Southern state forestry agencies and their partners understand that technology is only as good as the skill and expertise of the people using it. That’s why southern state forestry agencies and their partners have invested heavily in comprehensive, innovative training programs that are developing the wildfire professionals of tomorrow. Across the region, state forestry agencies are building training capacity, creating educational partnerships, and ensuring their firefighters have access to the most current techniques and certifications. Below are some key examples of this in action across the Southern Region:
- Florida hosts the Interagency Prescribed Fire Training Center in Tallahassee, which serves as a regional hub bringing together federal, state, and local partners to ensure firefighters across the South have access to world-class education in prescribed fire techniques—a critical tool for reducing wildfire risk before fires start.
- Virginia Department of Forestry provides national-level training in wildfire suppression, all-hazard emergency response, and incident management, hosting an annual interagency wildland fire training academy that brings together hundreds of participants from across the region. The state’s commitment to training excellence helps maintain the highest level of expertise among Southern responders.
- In another example of regional collaboration, Tennessee and Kentucky have partnered to create the Tennessee & Kentucky Wildland Fire Academy, a multi-agency training academy held each January at the Tennessee Fire and Codes Academy in Bell Buckle, Tennessee. This joint effort provides specialized wildland fire training and demonstrates the power of cross-state collaboration in building firefighting capacity.

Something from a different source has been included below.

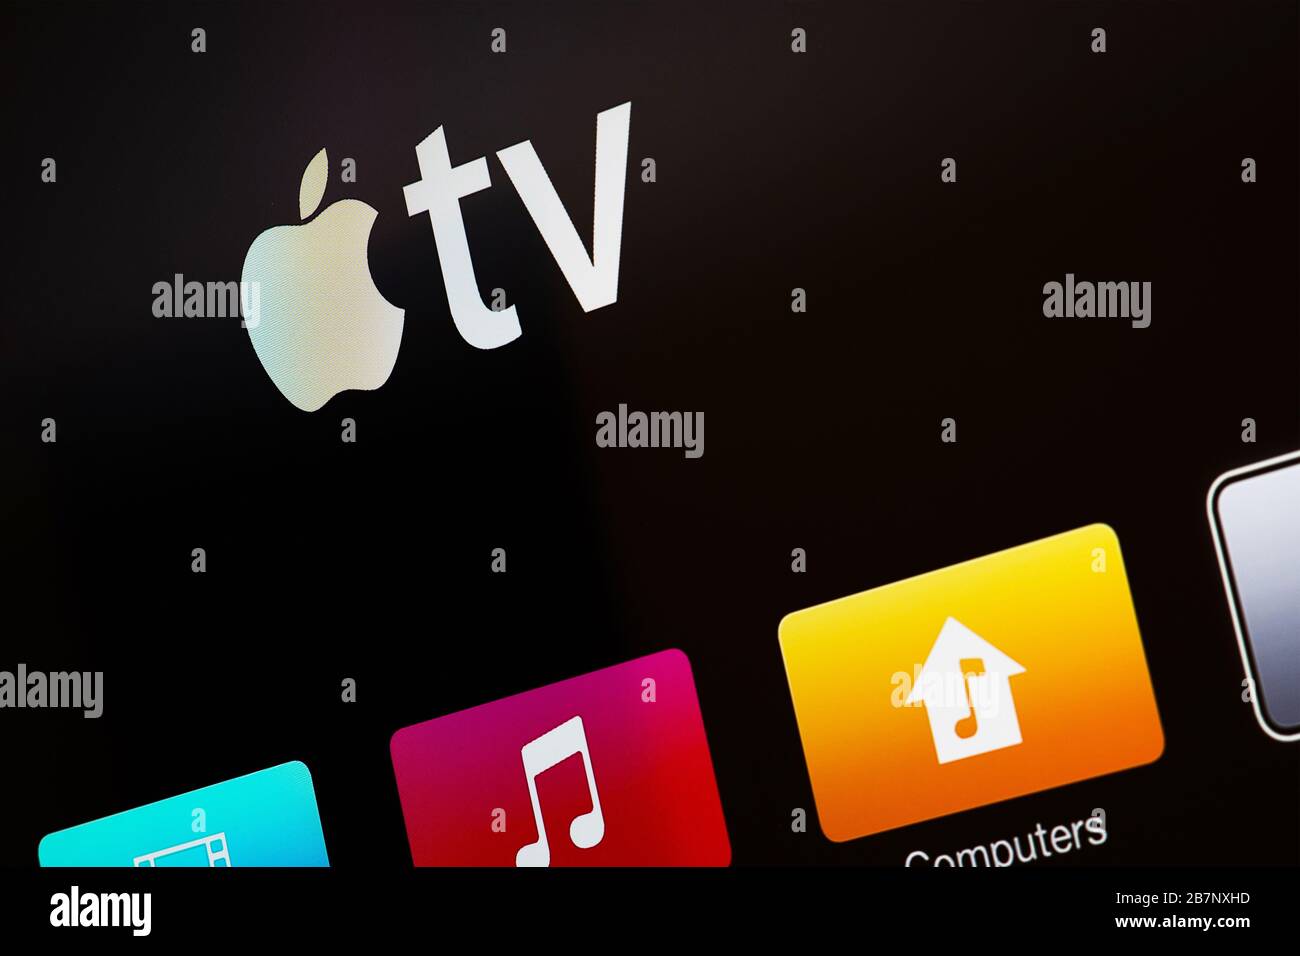 Miami/EE.UU. - Marth 17, 2020: Logotipo de Apple TV en la pantalla Smart TV. Apple TV es hardware y servicio de transmisión Foto de stock

- Oklahoma State University has earned national recognition for its Fire Protection and Safety Engineering Technology program, which began in 1937 and has been declared by the National Fire Protection Association as the “Standard of Quality in the Profession.” The program serves students from across the South, with residents of Alabama, Arkansas, Georgia, Louisiana, Mississippi, South Carolina, Tennessee, Texas, and Virginia qualifying for in-state tuition through the Academic Common Market.
- One of the most innovative examples is the 1890 Land Grant Institution Wildland Fire Consortium, which partners federal agencies with historically Black colleges and universities including Florida A&M University, Southern University in Louisiana, Tuskegee University in Alabama, and Alabama A&M University. Known as the “FireDawgs,” students from these institutions are entering the wildland fire profession through specialized training programs that are diversifying and strengthening the Southern fire workforce.
Many southern states also support prescribed fire councils and certified burner programs that provide landowners and land managers with high-level training and continuing education to safely and smartly conduct prescribed burns. These represent just a sampling of the training investments happening across the South, each of which maintains robust programs tailored to their unique landscapes and wildland fire challenges.
Looking Ahead

The South is prepared and remaining agile. Changing weather patterns, expanding wildland-urban interface and increasingly severe wildfire behavior mean today’s innovations are tomorrow’s necessities. Every day, southern wildland fire professionals are pushing the boundaries of what’s possible in wildfire management, not because it’s easy, but because protecting Southern communities, forests and economies demands nothing less. As wildfires grow more challenging, the South’s message is clear: We’re not just fighting harder. We’re fighting smarter. And we’re doing it together.